--- YOUR OBJECTIVE ---
You are asked to repeat the listing word for word and to leave out its pictures.

--- TASK DATA ---
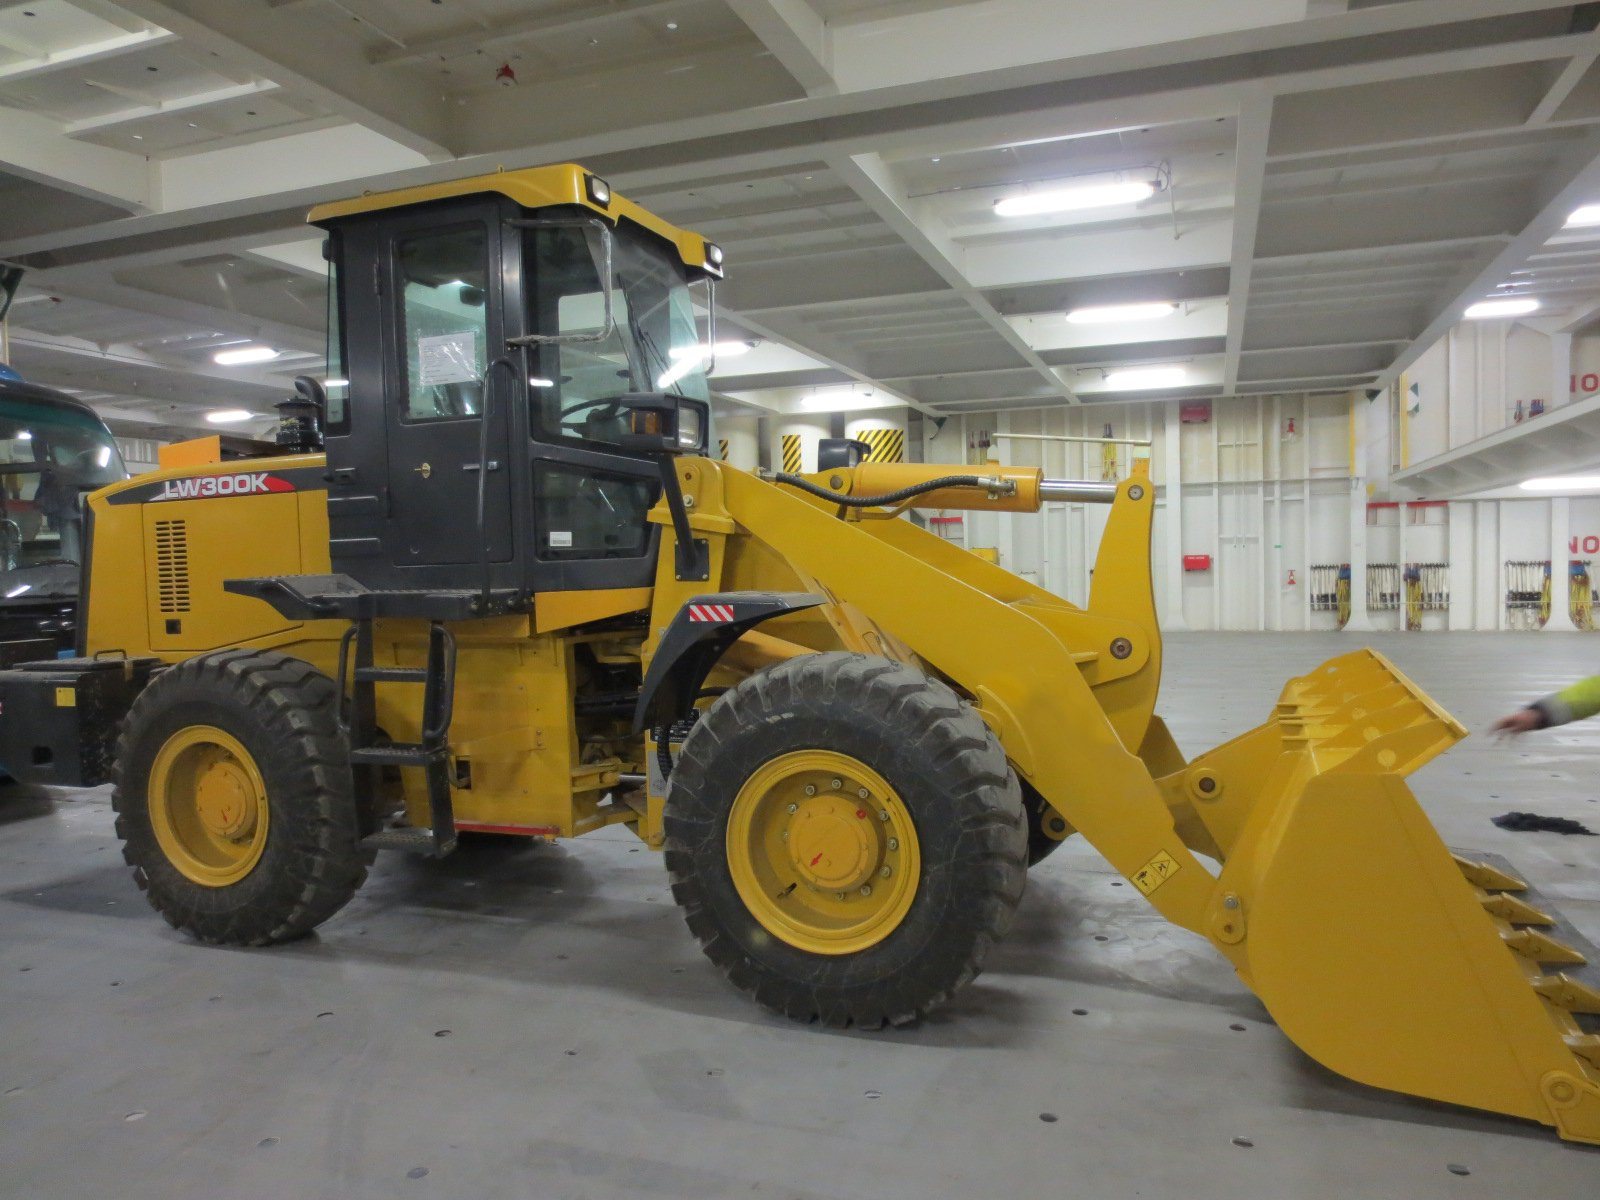 3.5 Ton New Wheel Loader Lw350kn with High Quality for Sale
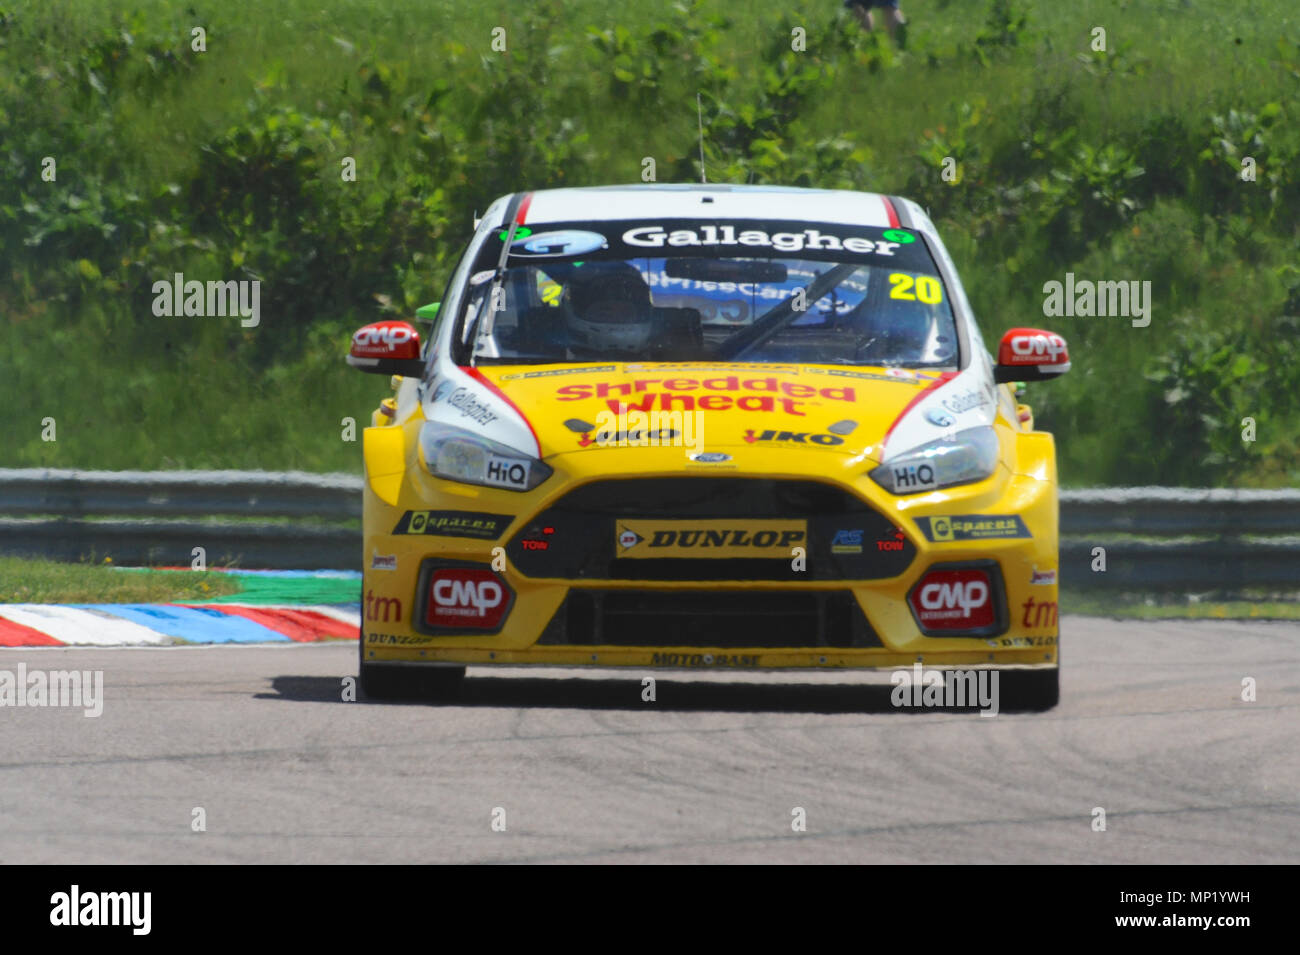 Andover, Hampshire, UK. 20th May, 2018. James Cole (Team Shredded Wheat Racing/Gallagher) racing at Thruxton Race Circuit during the Dunlop MSA British Touring Car Championship at Thruxton Race Circuit, Andover, Hampshire, United Kingdom. With the highest average speed of any track visited by the BTCC, Thruxton's 2.4 mile circuit provides some of the biggest thrills and spills in motor sport and has earned a reputation of being a true driver's track. Credit: Michael Preston/Alamy Live News Stock Photo
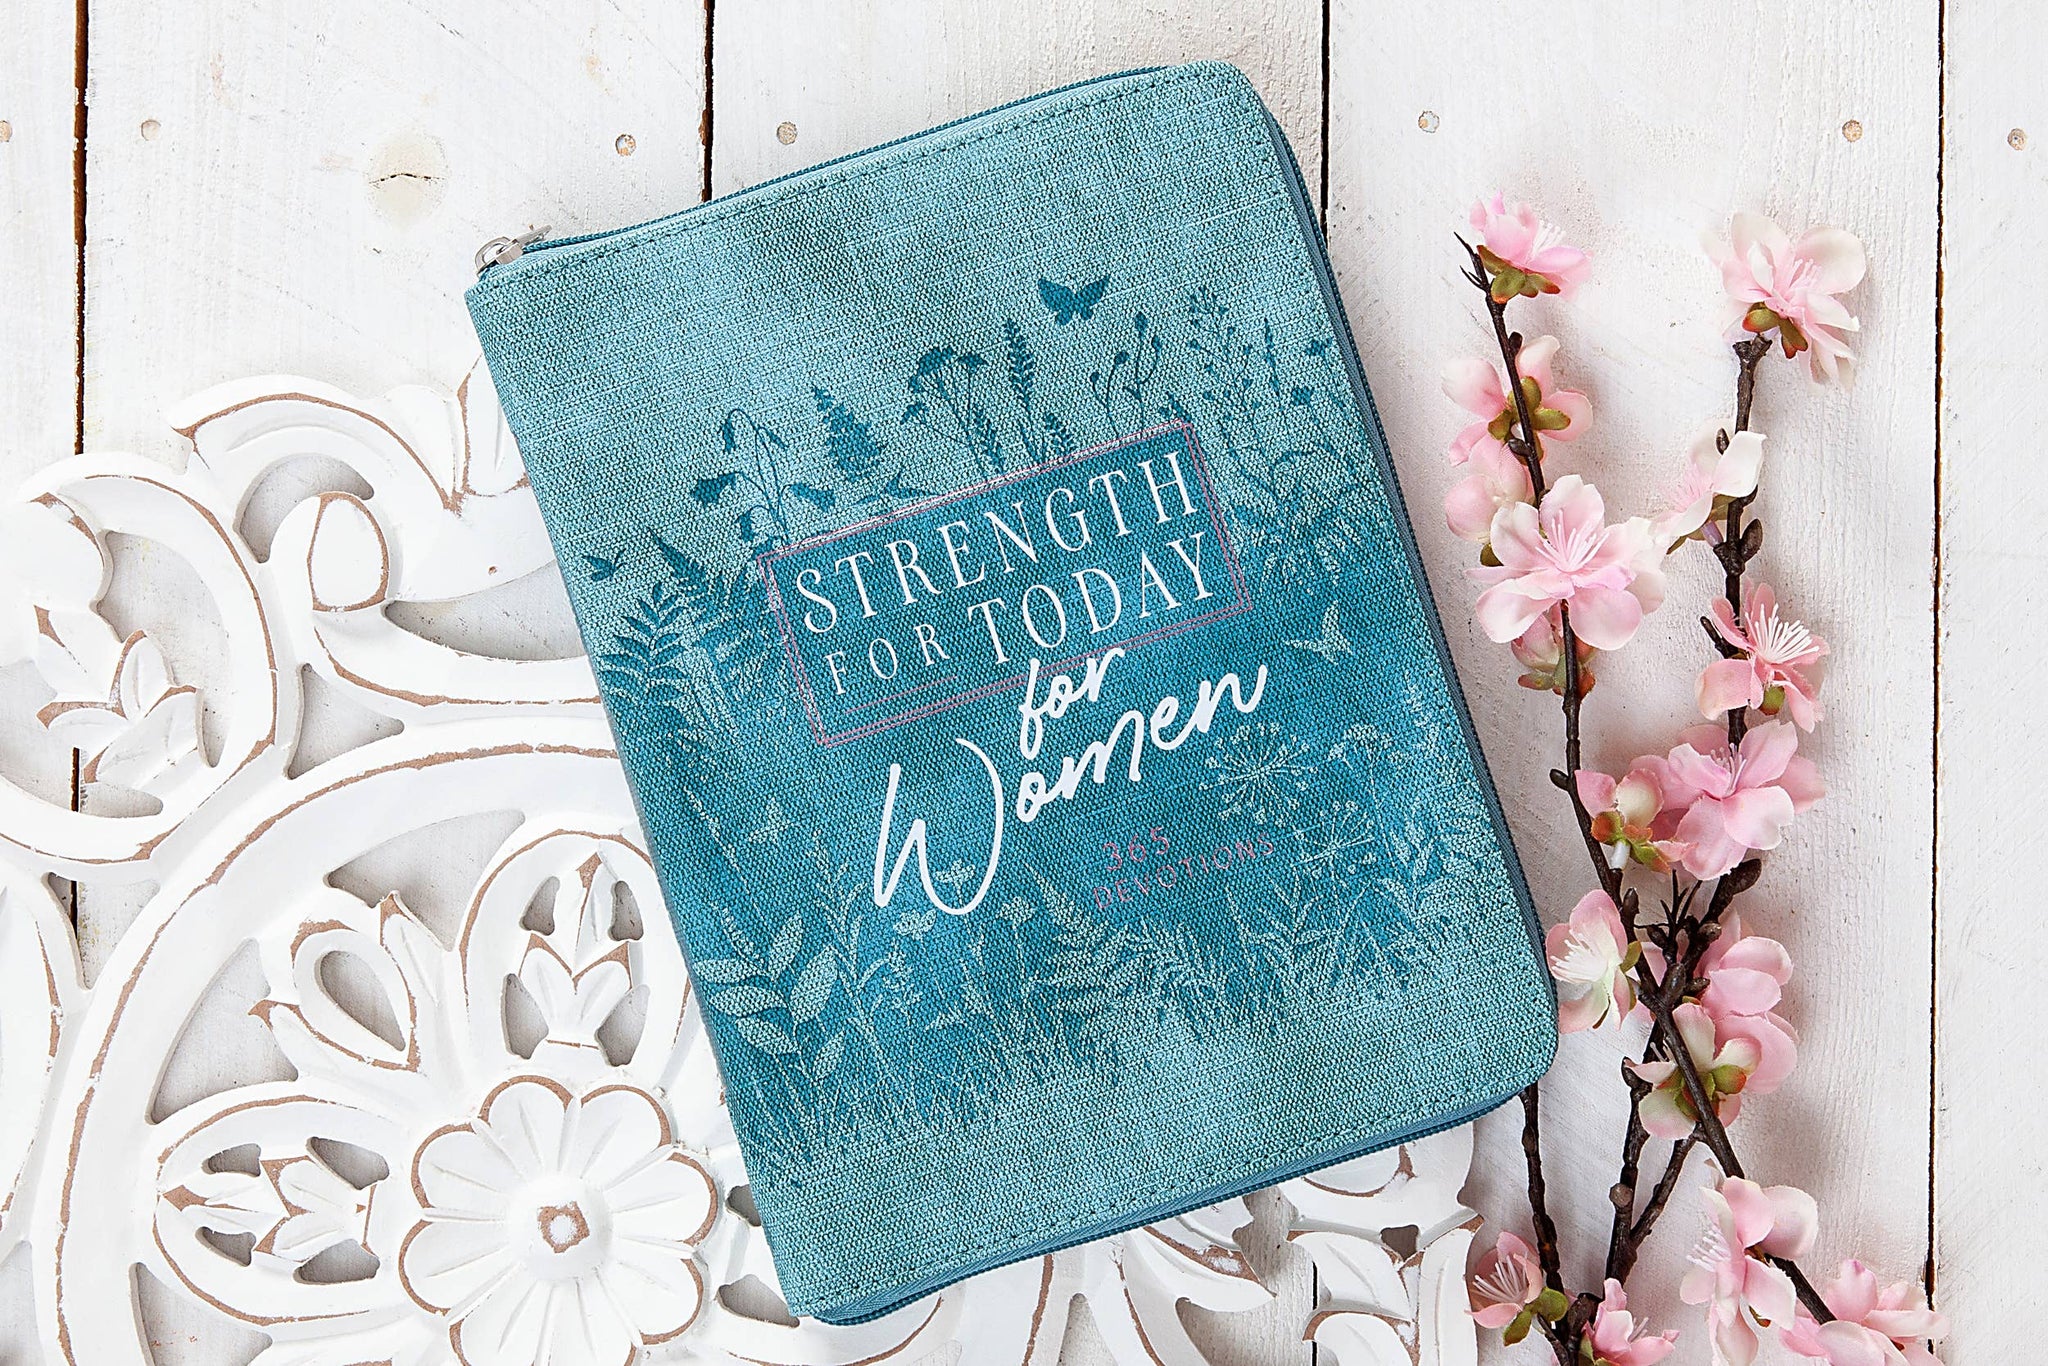 Strength for Today for Women (Mother's Day Gifts - Devo)
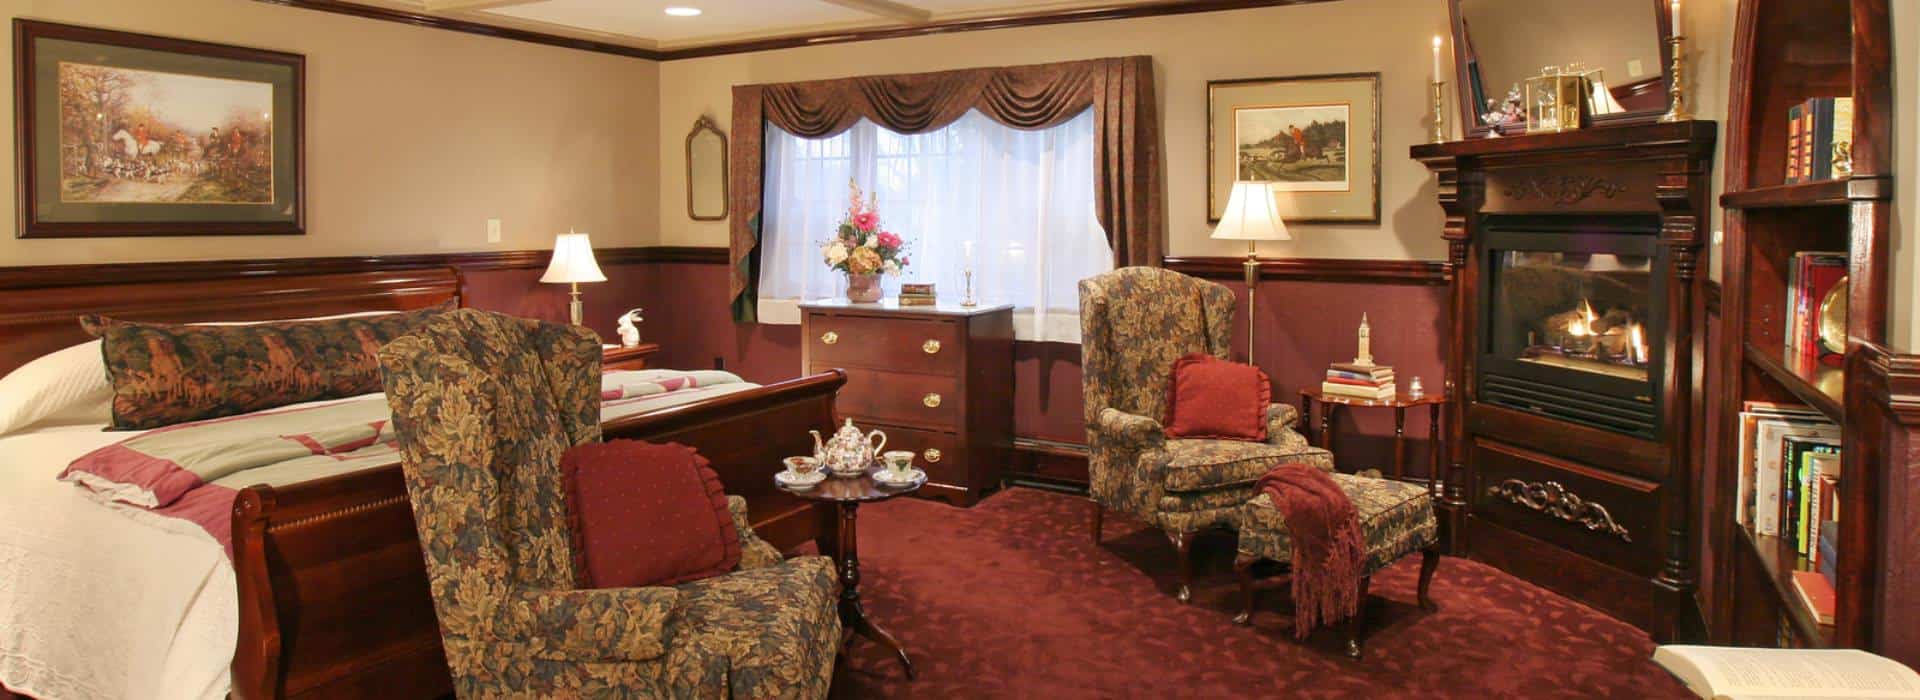 Large bedroom suite with dark wooden sleigh bed, white bedding, burgundy carpeting, sitting area, and fireplace
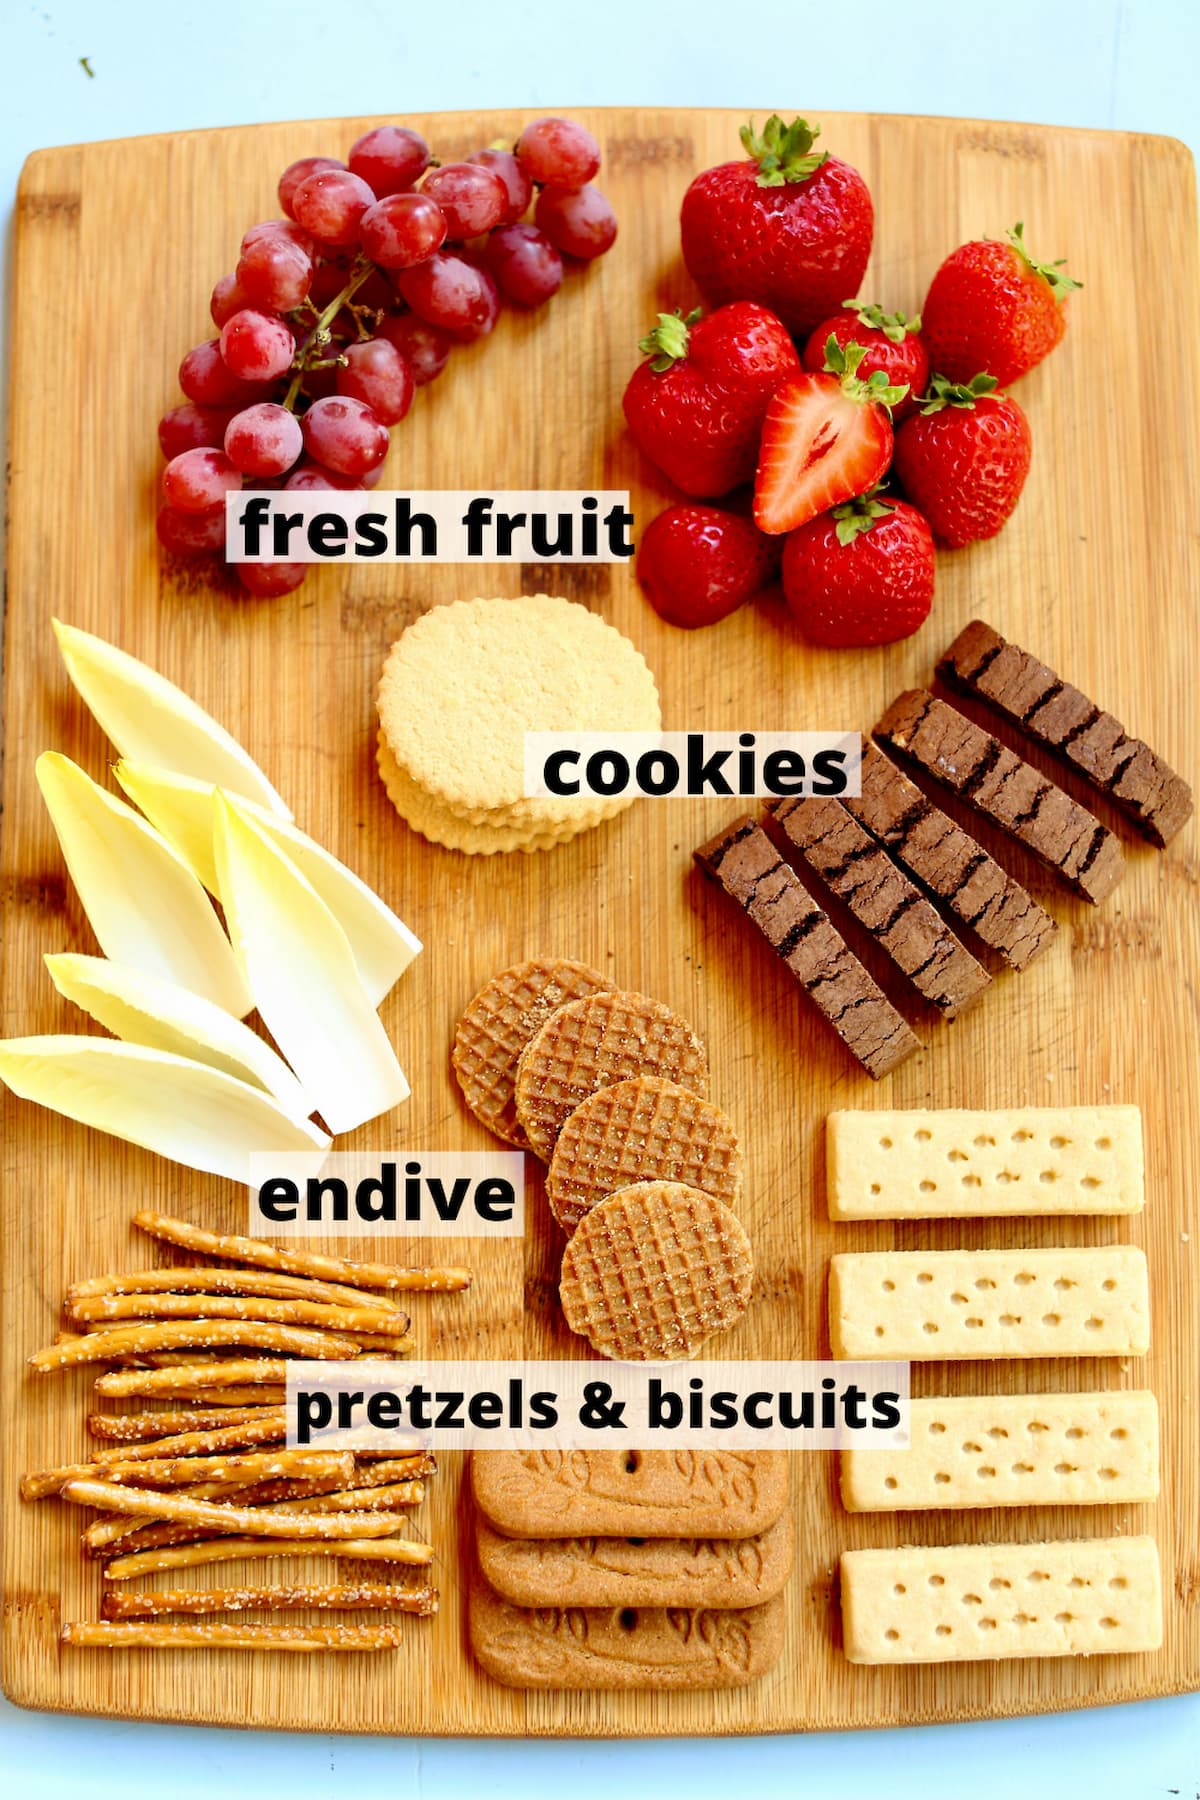 a wooden table with ingredents, fresh fruit, cookies, etc. with a text overlay saying the ingredient name.

--- THE ANSWER ---
 3.5 Ton New Wheel Loader Lw350kn with High Quality for Sale
 Andover, Hampshire, UK. 20th May, 2018. James Cole (Team Shredded Wheat Racing/Gallagher) racing at Thruxton Race Circuit during the Dunlop MSA British Touring Car Championship at Thruxton Race Circuit, Andover, Hampshire, United Kingdom. With the highest average speed of any track visited by the BTCC, Thruxton's 2.4 mile circuit provides some of the biggest thrills and spills in motor sport and has earned a reputation of being a true driver's track. Credit: Michael Preston/Alamy Live News Stock Photo
 Strength for Today for Women (Mother's Day Gifts - Devo)
 Large bedroom suite with dark wooden sleigh bed, white bedding, burgundy carpeting, sitting area, and fireplace
 a wooden table with ingredents, fresh fruit, cookies, etc. with a text overlay saying the ingredient name.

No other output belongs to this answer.